December 09, 2012
On Sunday, 9 December 2012 at 20:14:18 UTC, Jonathan M Davis wrote:
> Algorithms end up copying all the time


Hmm... like which ones, and copying what kinds of objects?
December 09, 2012
On Sunday, December 09, 2012 21:21:10 Mehrdad wrote:
> On Sunday, 9 December 2012 at 20:14:18 UTC, Jonathan M Davis
> 
> wrote:
> > Algorithms end up copying all the time
> 
> Hmm... like which ones, and copying what kinds of objects?

Just calling front on a range is going to copy the element, and it's not uncommon for front to be called multiple times within a range-based function. Calls to front should probably minimized anyway, because front could be calculating front instead of simply returning it, but that's often not accounted for like it should be. But even if it _is_ accounted for, if front is being called in a loop (as it has to be while iterating), then it's going to be called over and over again. And if making a copy is O(n), then those calls to front end up being O(n) instead of O(1) like they're supposed to be, and calling in a loop becomes O(n * m) instead of O(n). And plenty of algorithms have to do further stuff on front, which may or may not result in further copies.

The fact that copying can be worse than O(1) is actually pretty devastating to performance in general. But I don't see how it can be avoided other than advising people that it's a bad idea to declare types where copying them is worse than O(1) (which would mean that types where copying would be worse should try being COW types or reference types). Trying to write algorithms in a way which minimizes copying helps to be sure, but sometimes copying is necessary, and it's very easy to introduce unnecessary copying accidentally - copying whose cost would only become evident with types where copying is expensive, and most unit testing is done with primitive types or simple user- defined types. And most unit testing does not involve any sort of timing or benchmarking (which is part of why Andrei wants to push for std.benchmark), so the cost wouldn't even necessarily be evident if unit tests _did_ use types which were expensive to copy.

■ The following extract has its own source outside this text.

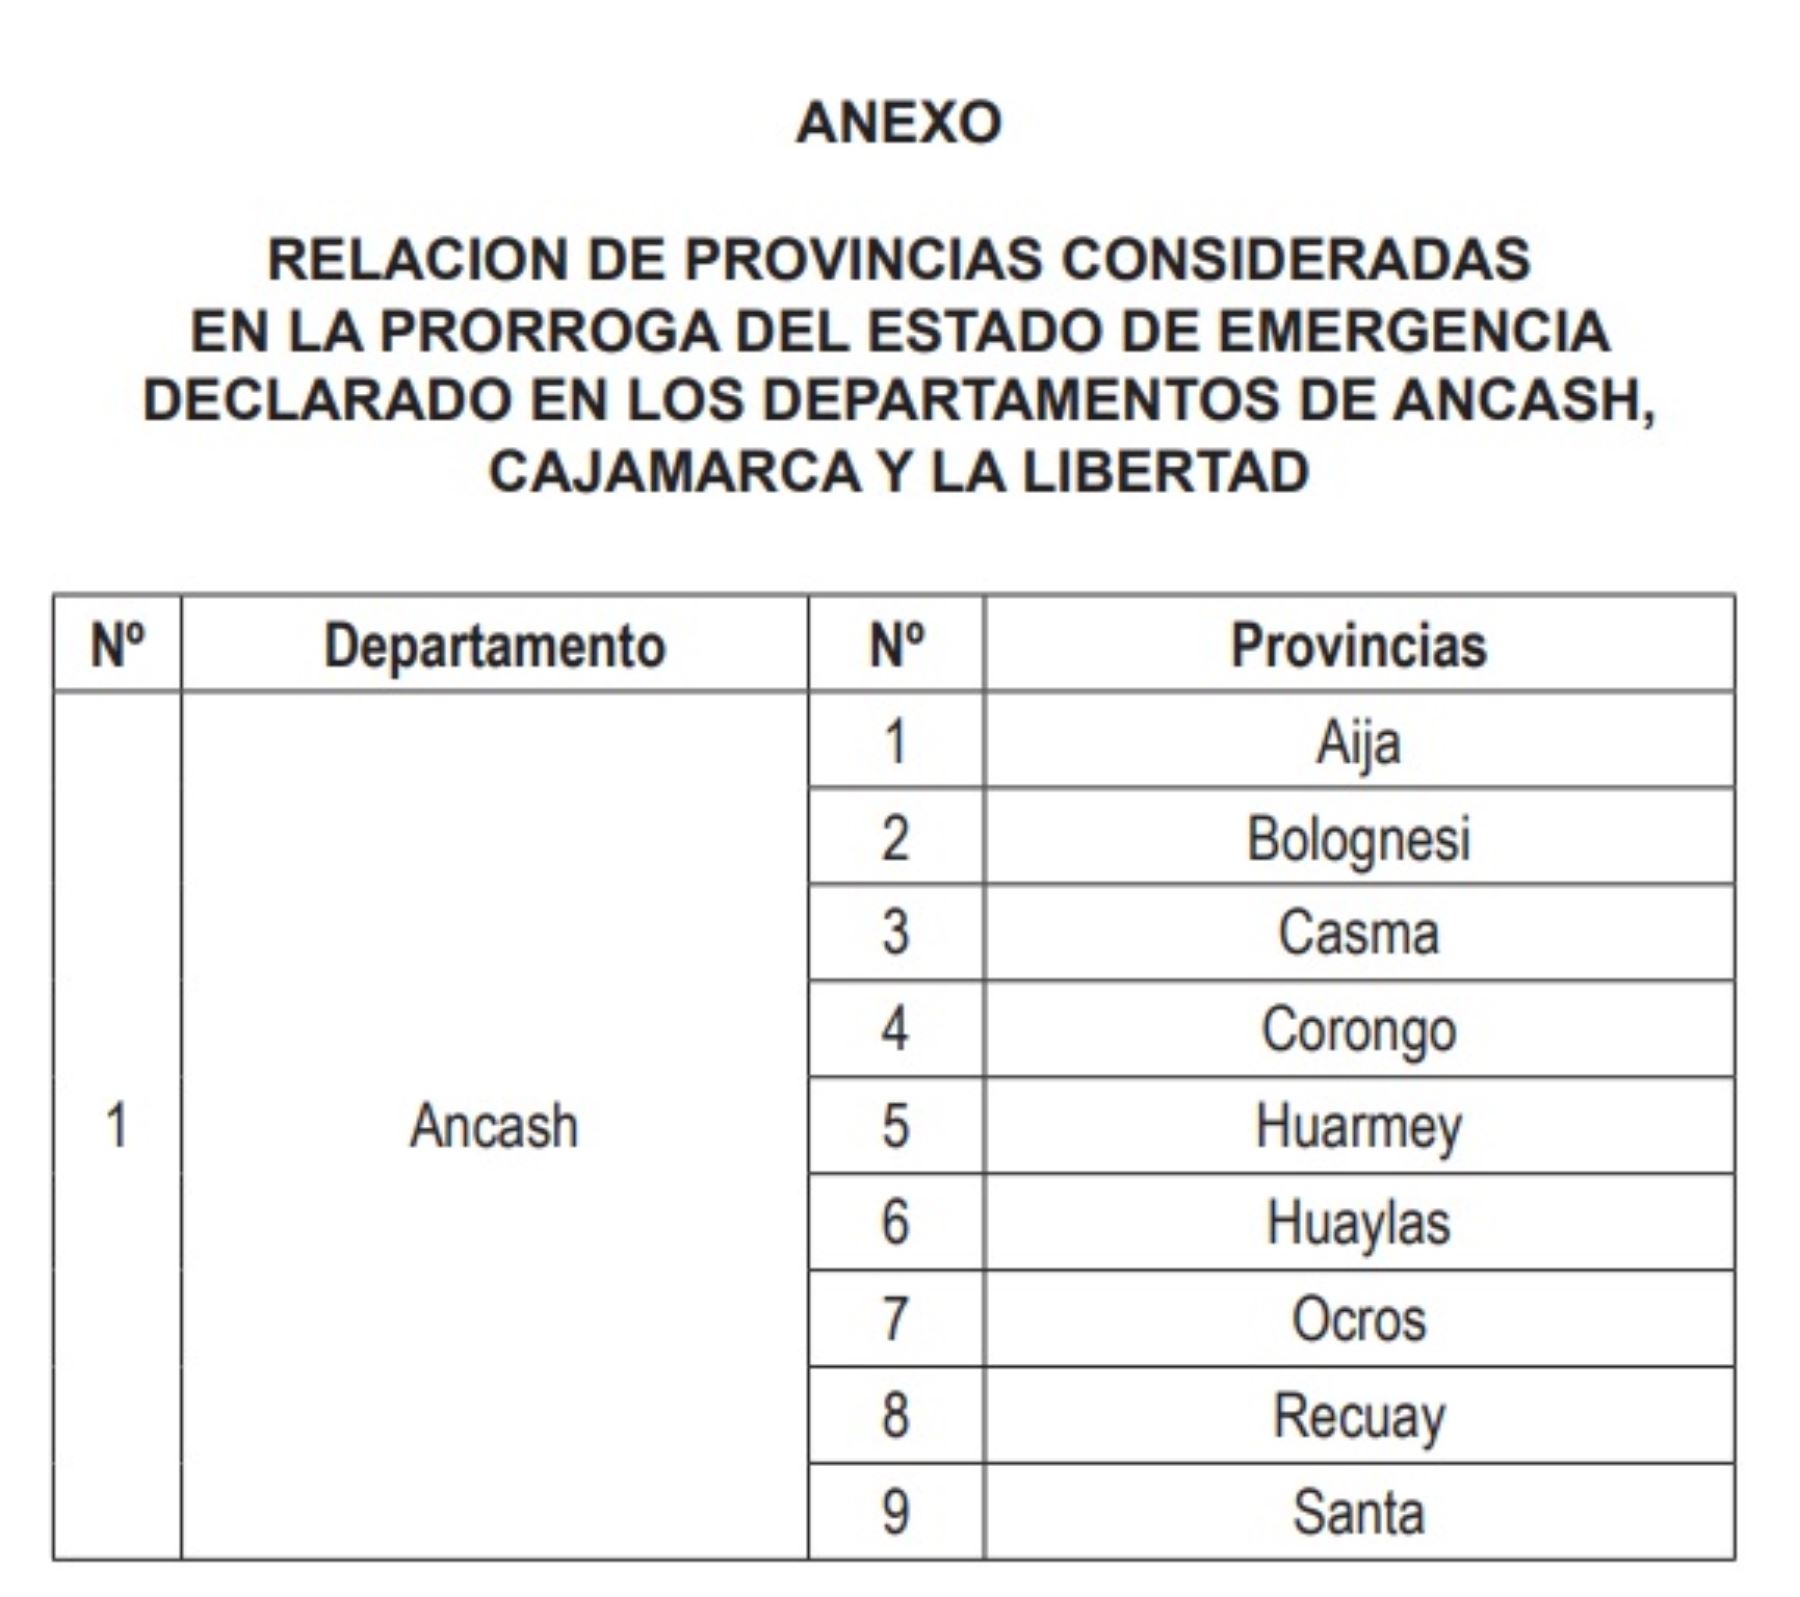 Provincias de las regiones Áncash, Cajamarca y La Libertad, consideradas en la prórroga del estado de emergencia por desastres ocasionados por las intensas lluvias.
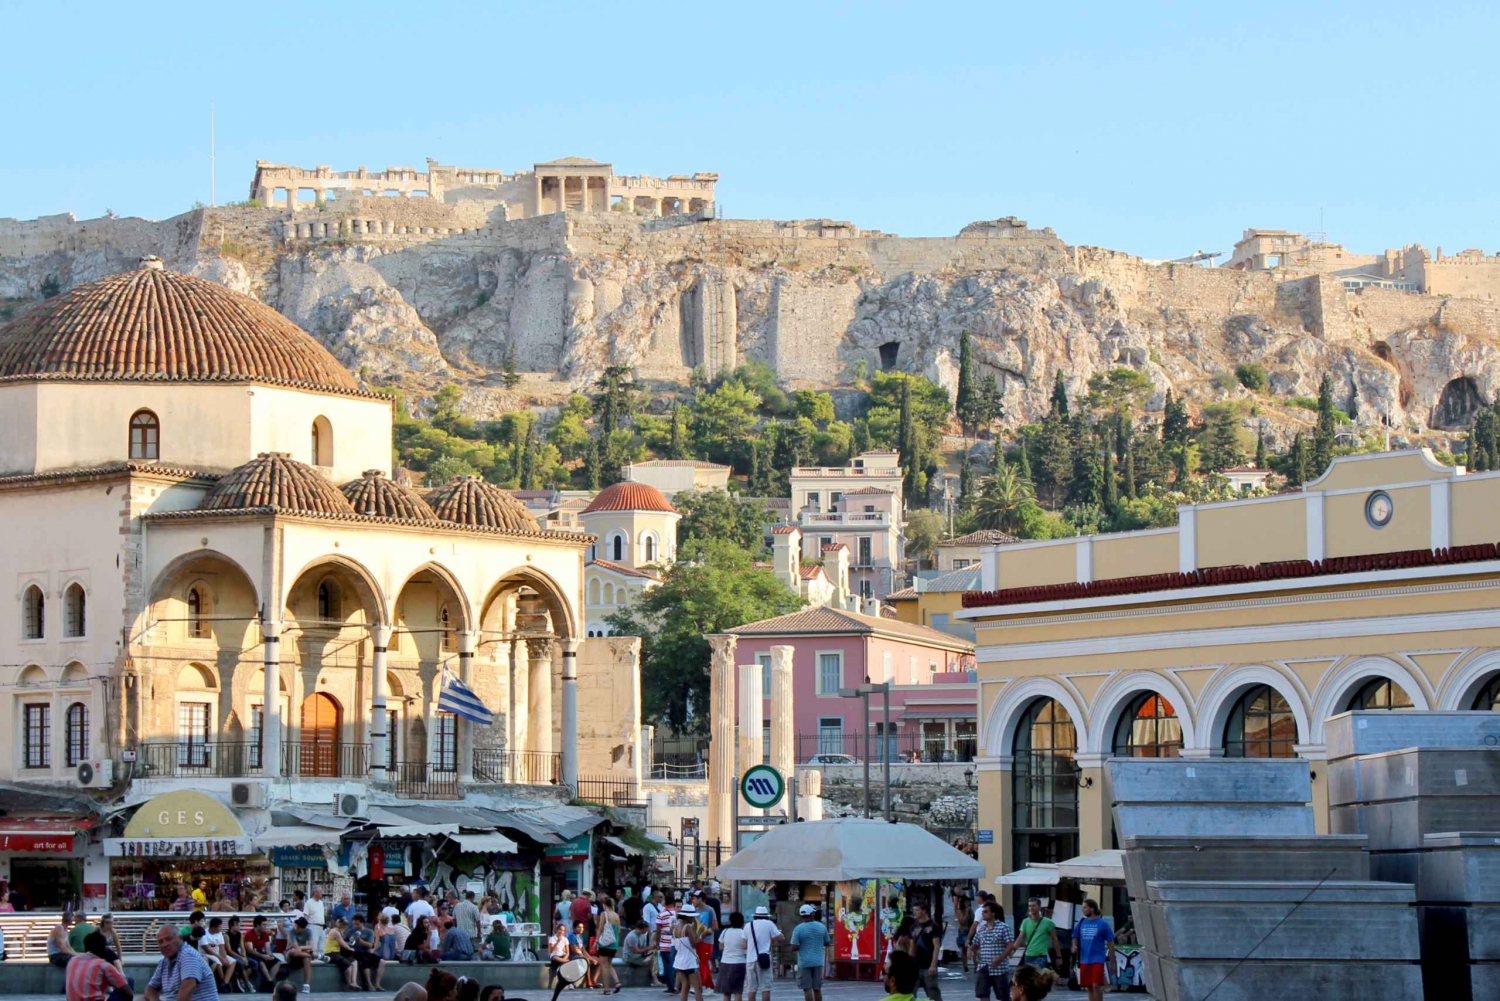 Puerto del Pireo: Traslado privado de ida al centro de Atenas

So, I totally sympathize with Andrei and Walter wanting to say that copying must be O(1). I just don't think that it's realistic to expect that that's really going to be the case in the general case. At best, it's something that should be considered best practice.

- Jonathan M Davis
December 09, 2012
On Sunday, December 09, 2012 12:36:09 Jonathan M Davis wrote:
> On Sunday, December 09, 2012 21:21:10 Mehrdad wrote:
> > On Sunday, 9 December 2012 at 20:14:18 UTC, Jonathan M Davis
> > 
> > wrote:
> > > Algorithms end up copying all the time
> > 
> > Hmm... like which ones, and copying what kinds of objects?
> 
> Just calling front on a range is going to copy the element...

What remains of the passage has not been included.